If we compare Student-KD and Teacher models, training time is almost half the amount of time for all Student models. For Student-KD-1GPU, the BLEU score is nearly identical to that of the corresponding Teacher model, but the TER and chrF scores show it to be a little worse. If we compare the Student-KD models to the Student-KD+EP models, the latter takes longer to train and leads to better scores for all automatic metrics.

From Figure 3, it is clear that limiting the size of the vocabulary causes the experimental student models to train faster than the original student models (by up to 2 h). The accuracy, however, is lower (by about 2.5 BLEU points, or 10% relative), especially for models trained only on the KD set. The anomaly when using 2 GPUs appears in Table 6 for both vocabulary sizes too, and it again occurs when the model iteration is not saved during the last epoch.
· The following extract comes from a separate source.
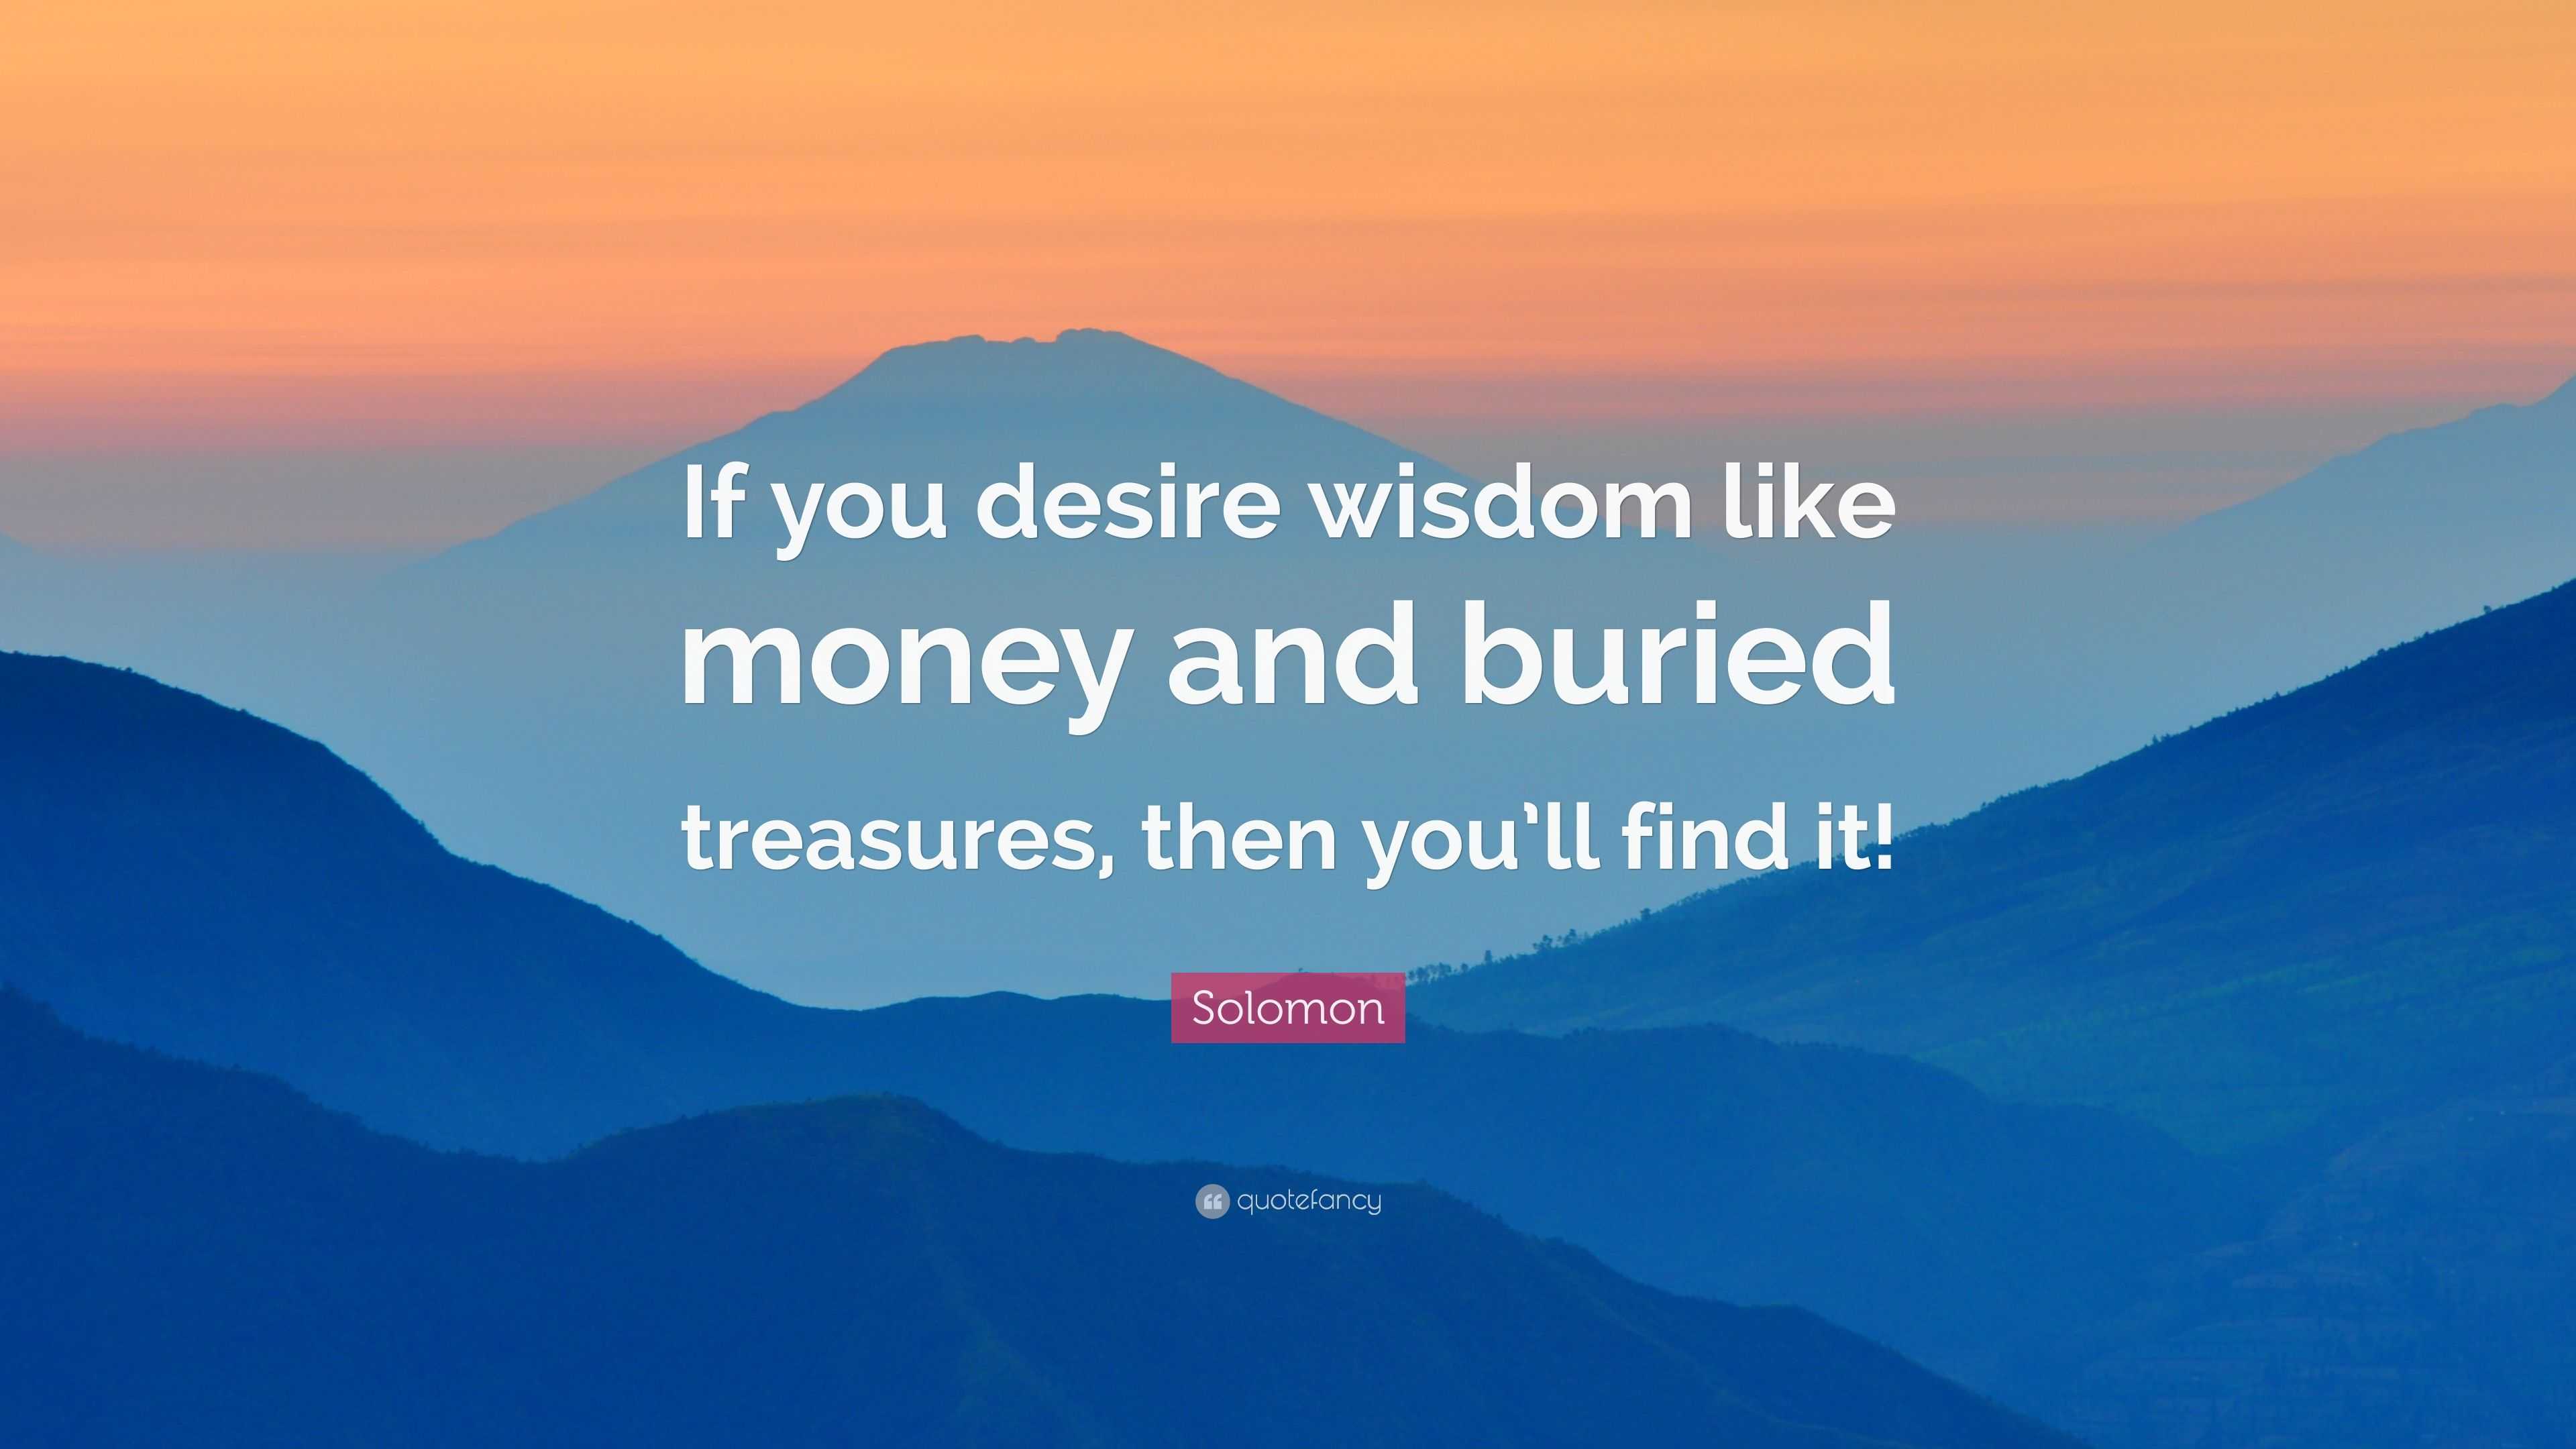 Solomon Quote: “If you desire wisdom like money and buried treasures, then  you'll find it!”

Interestingly, the model with the best accuracy was trained on the EuroParl+KD training set using 2 GPUs and only 4 Transformer heads. In some cases the student models with 4 Transformer heads were slightly quicker to train and more accurate than the original student models with 8 Transformer heads. Figure 4 shows that the accuracy is on average very similar when using the different number of Transformer heads during training, but the average training time for models trained using only 4 Transformer heads is 7 h less than when using 8 Transformer heads.

Kim and Rush [8] showed that when using a long short-term memory architecture, some smaller student MT models outperformed large teacher models. This is also the case for our Transformer models when using the original (Europarl) and KD training set as shown in Table 9.

Impact

In this section, we consider a number of matters which are important industry concerns in the post-deployment phase, where only the translation process itself is taken into account and not the preceding training process. To the best of our knowledge, this study is the first of its type to take a realistic scenario from an actual service provider and estimate the savings that can be achieved from distilling larger models into small ones.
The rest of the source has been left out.